RZA
Bobby Digital In Stereo
[V2]
Rating: 2.9
Wu-Tang albums show up in Pitchfork mailboxes more frequently than issues of
Jane and Lowrider. In 1999, we can look forward to twelve
assorted Wu-Tang records. They should consider pooling all their records and just
releasing a third proper Wu-Tang Clan album. Make it a decuple album-- call it
Encyclopedia Wu-Tannica. But no. Of course, every Wu-Tang member has to
step aside to do a solo project to prove that, yes, in fact, even alone, he sounds
just like the Wu-Tang Clan. But with less people.
First up for the nine-nine is RZA's Underoo-Tang fantasy "concept" album, Bobby
Digital In Stereo. Yes, your "extremely drug induced" bells and whistles should
be flaring right about now. Think: "Stan Lee presents... Da Muthaf*&%in'
Ghetto!" Supposedly there's a plot, but you wouldn't know it from listening
to the album. Bobby Digital, who sheilds his anonymity with a bedsheet and plastic
party mask, embodies the alter-id of RZA. According to the story, Bobby's list of
superpowers contains smoking lots of weed, shooting Glocks, disrespecting women,
smacking women in the face with his penis, and talking on a cellphone. Like an
x-rated "Blankman."
As far as hip-hop concept albums go, this concept looks quite
circuitous. Here's the concept in a nutshell: RZA, a rapper, has an alter- ego
that's a hardcore gangsta rapper. The thinly veiled plot, about as sturdy as the
script for "Twister," provides a cheap vehicle for RZA to cruise through tired
cliches. If further removed from the genre, it might be considered satire. But
like I say, just because "Scream" makes fun of lame, teen, horrible, unscary horror
movies, doesn't mean it isn't a lame, teen, horrible, unscary horror movie.

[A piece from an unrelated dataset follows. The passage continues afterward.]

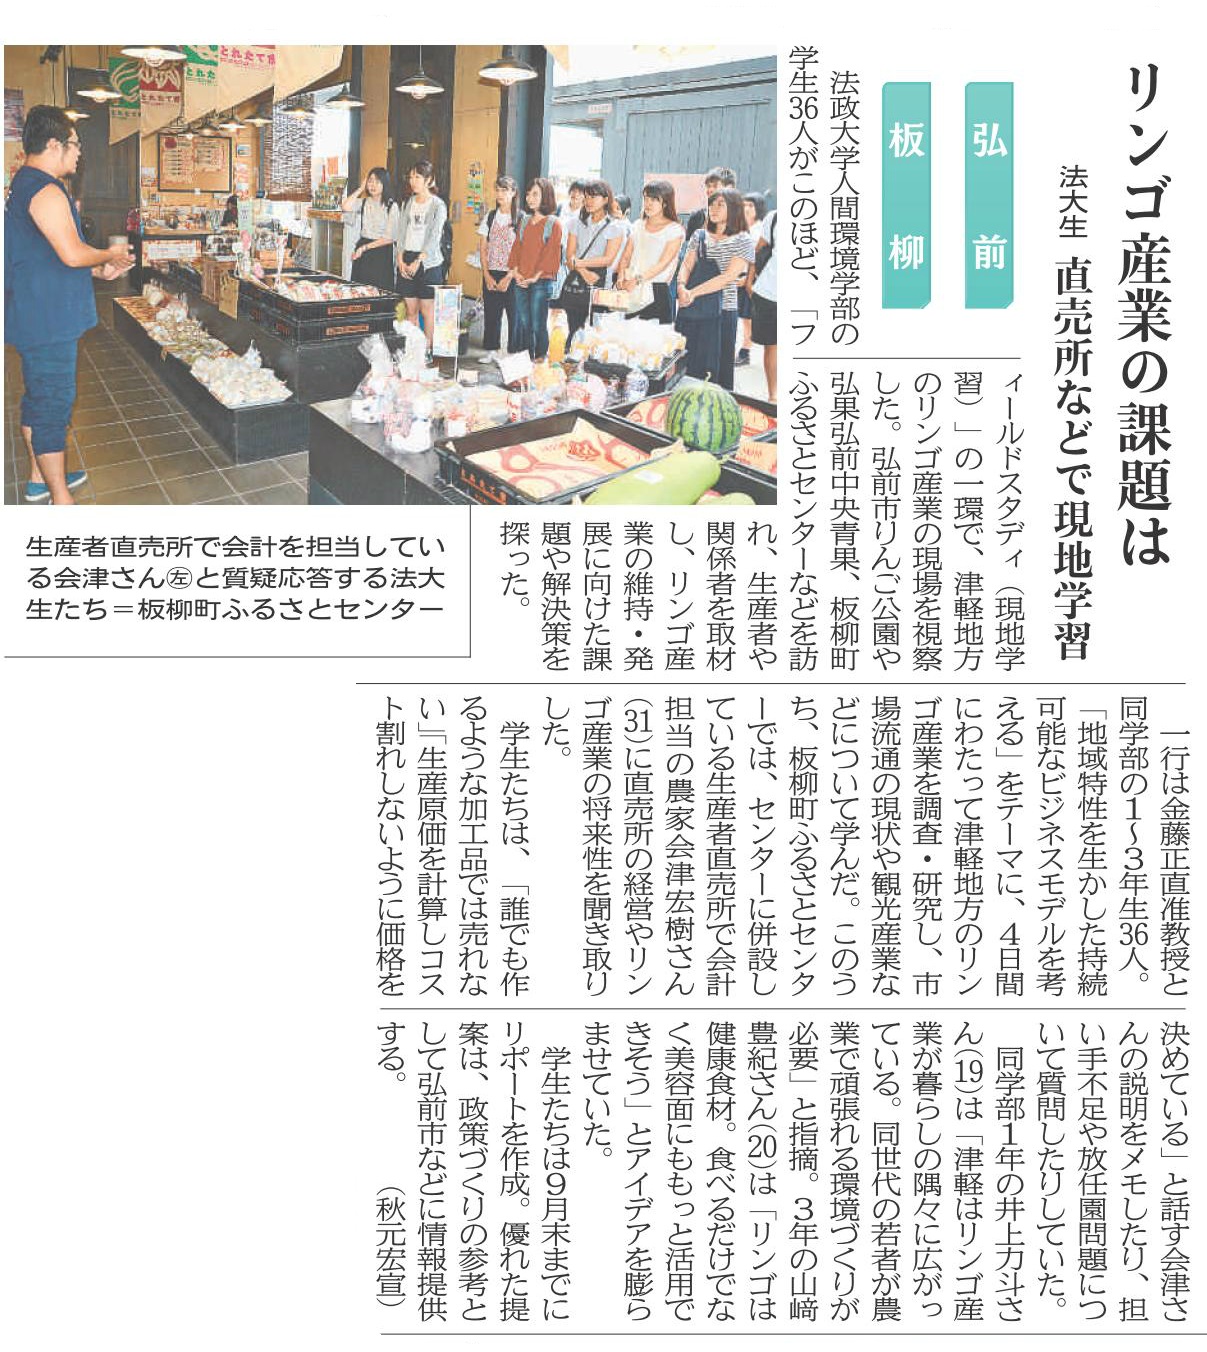 「 東奥日報」に青森県で実施したフィールドスタディの記事が掲載

RZA (real name Robert Diggs) undeniably cooks spooky beats. Early- century strings,
brisk beats and bleeps, and female soul- crooning percolate through the minimal mix,
coming off in its best moments like Portishead and Bjork on a hip-hop trip. However,
at this point in his career, RZA can crank out heartbeat tracks like this from his
hypothalumus in his sleep. And with the glut of all things Wu, hip-hop is
supersaturated with such sounds.
Lyrically, RZA has proven in the past that he can do better. Randomly stringing
anime references, martial arts lingo, crotch- grabbing bravado, and product names,
RZA's rhymes tumble from his lips like marbles and vomit. A creative vocabulary
saves some grace, but the "pussys," "bitches" and "motherfuckers" far outweigh the
"tighter than prescription bottles" and "Mr. Potatohead Ore Ida deep fried krinkle
cuts." Sometimes I wonder if Wu-Tang members look around the kitchen and read labels
for lyrics. I mean, it's a clever technique, but it's an empty one.
Bobby Digital earns the dubious distinction of having the most annoying rap song of
the year, "B.O.B.B.Y." For the chorus, RZA spits out the spelling "B-O-B-B-Y-
D-I-G-I-T-A-L" over and over, sounding like a street- tough Cookie Monster. There
are some keeper tracks, such as the Isaac Hayes-ish "Love Jones," but mostly this
album is a result of RZA having a recording studio in his den.